Neuss-Grevenbroicher Zeitung Neuss
Die verbale Eskalation
Als erstes deutsches Regierungsmitglied hat Gesundheitsminister Karl Lauterbach (SPD) öffentlich geäußert, Deutschland befinde sich im Krieg mit Wladimir Putin. Er tat das als Antwort auf neuerliche Gedankenspiele des Philosophen Richard David Precht. Der hatte vorgeschlagen, dass ein Nato-Land Russland garantieren könnte, gegen die Aufnahme der Ukraine zu stimmen, um so Verhandlungen zur Beendigung des russischen Angriffskriegs möglich zu machen. Nun könnte man süffisant anmerken, dass der Gesundheitsminister genug damit zu tun haben müsste, über notleidende Kliniken in der Energiekrise nachzudenken. Doch sollte man einem hochrangigen deutschen Politiker nicht absprechen, sich bei bedeutsamen Themen einzumischen.
Dann bleibt aber die Frage, warum Lauterbach meint, dass es gerade jetzt geboten sei, das bei Twitter zu verkünden, obwohl die Nato aus guten Gründen peinlich darauf achtet, zwischen Unterstützung bei der Selbstverteidigung und dem Auftreten als Kriegspartei zu unterscheiden. Wäre Lauterbach der Satz „rausgerutscht“, wäre das unbedarft. Doch wahrscheinlich wollte er Position beziehen gegen Leute, die auch nach der jüngsten völkerrechtswidrigen Annexion so viel Angst vor einer nuklearen Eskalation haben, dass sie den Status quo gern einfrieren würden – auf Kosten der Ukraine. Während ihre Gegner finden, dass der Westen gerade jetzt Stärke zeigen muss.
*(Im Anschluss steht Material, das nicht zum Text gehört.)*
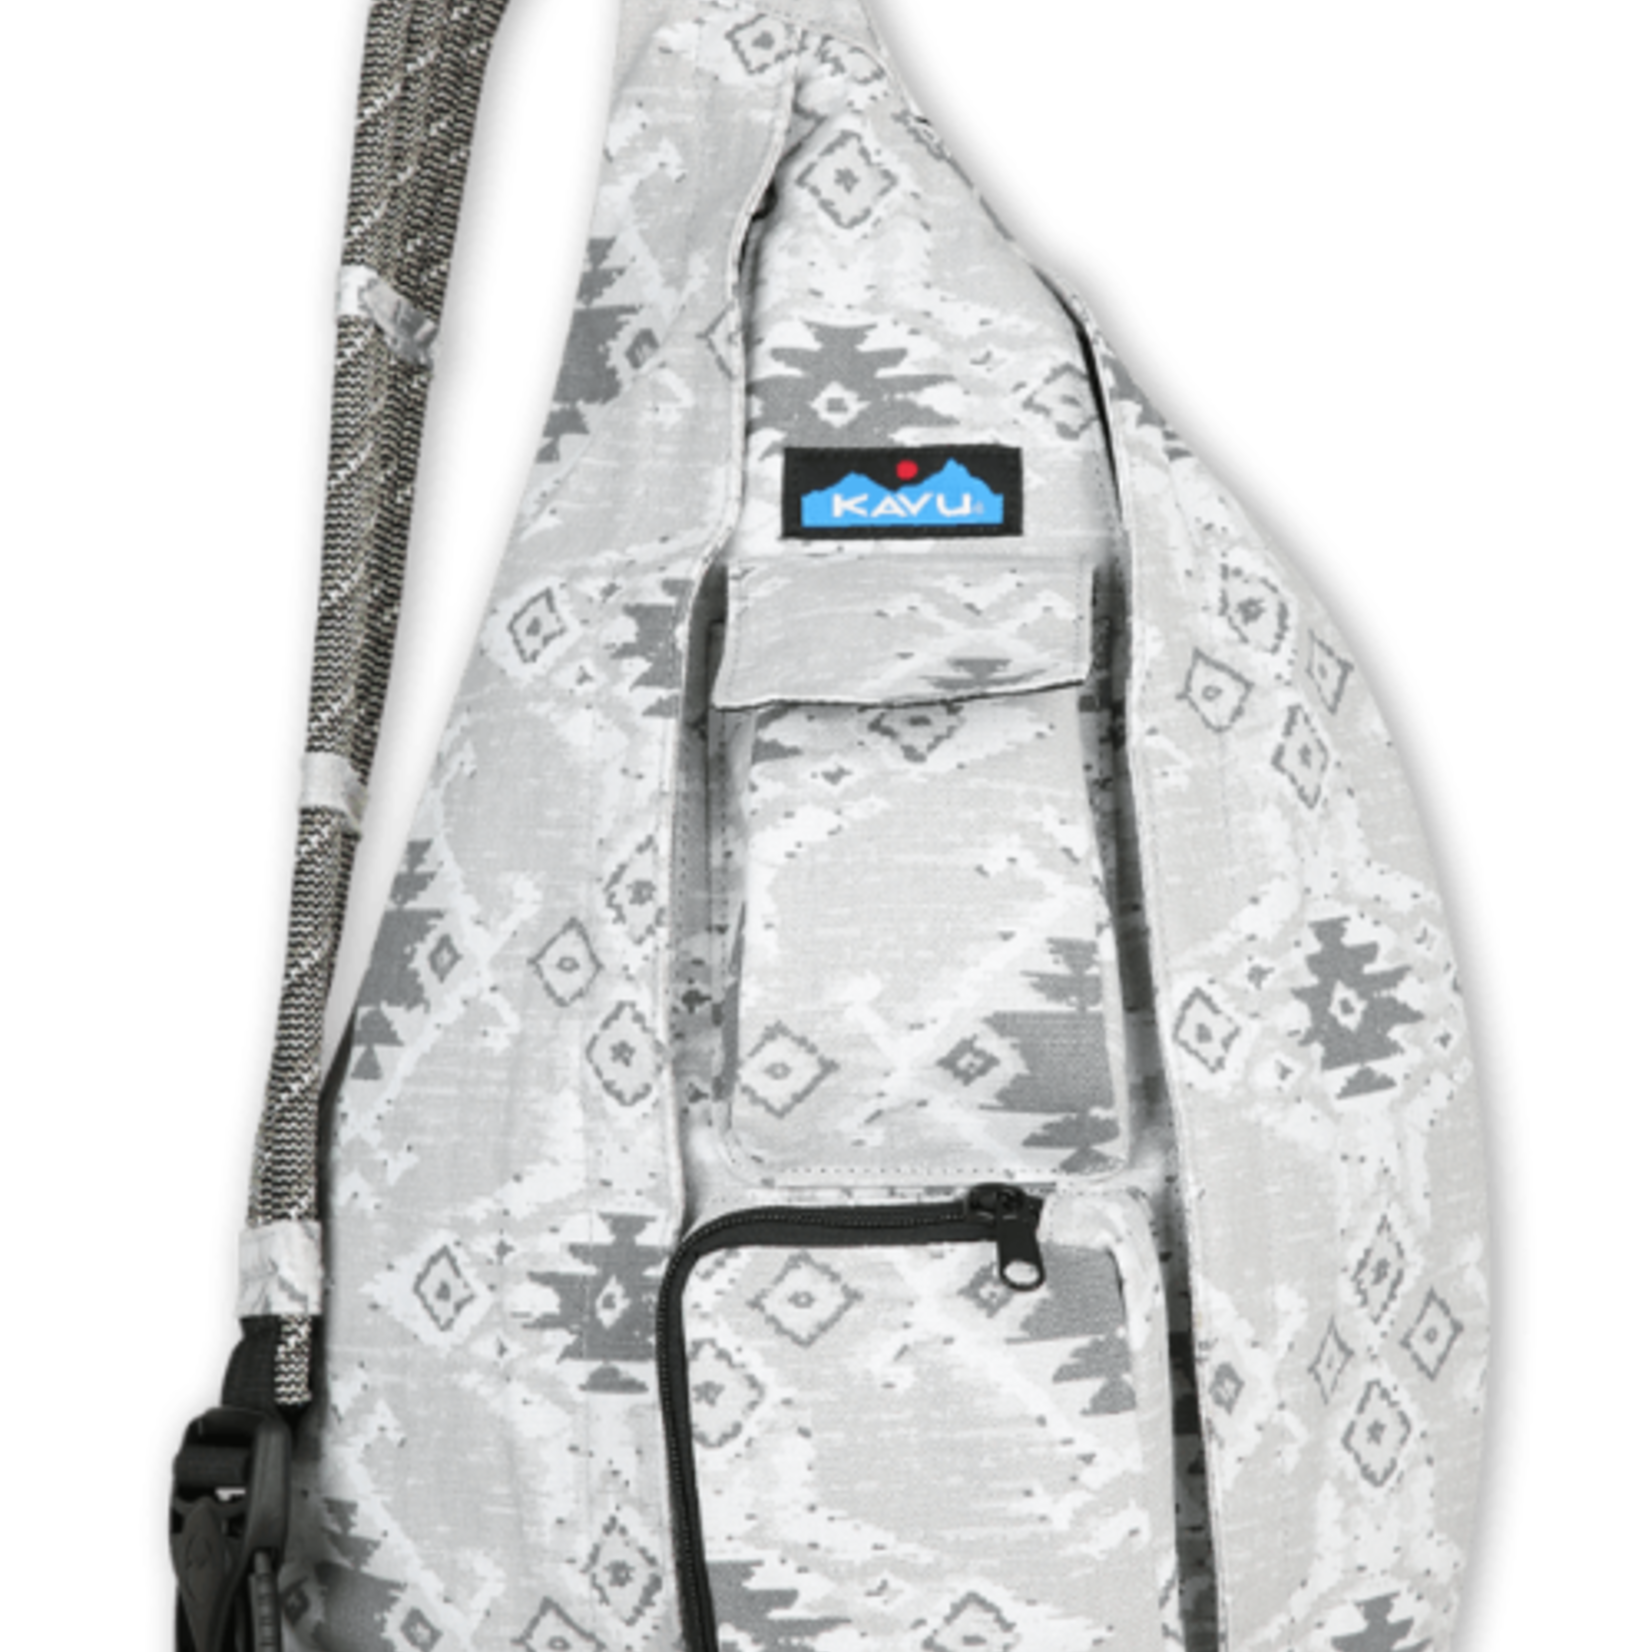 Kavu Kavu Rope Bag - P-136221
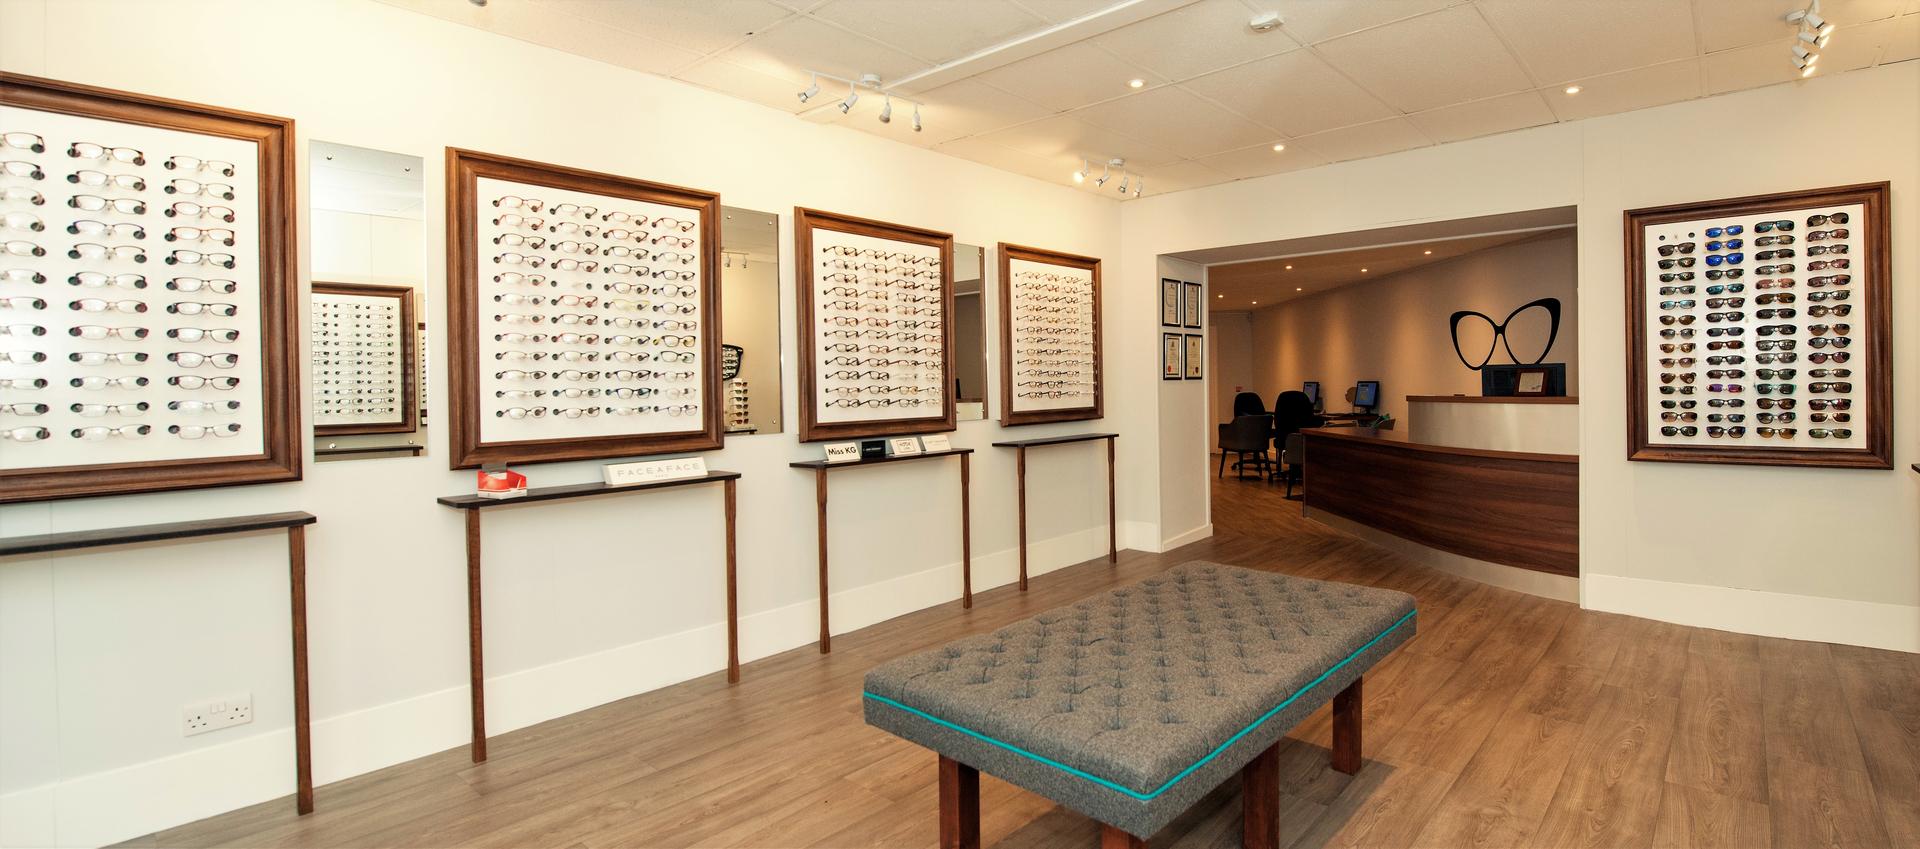 76fbb648406 Dunne   Drennan Eyecare - Eye Tests

Wie groß die nukleare Bedrohung durch Putin ist, weiß niemand. Aber dass er sich gerade Vorlagen geschaffen hat, um nuklear zu eskalieren, liegt auf der Hand. Und „Geschehnisse“an ukrainischen Atomkraftwerken zu provozieren, muss man Putin ohnehin zutrauen. In dieser Lage dürfen Politiker keine Angst zeigen – aber Klugheit wäre hilfreich. Dazu gehört Verzicht auf verbale Eskalation. Denn die nützt niemandem, außer dem Ego bei Twitter.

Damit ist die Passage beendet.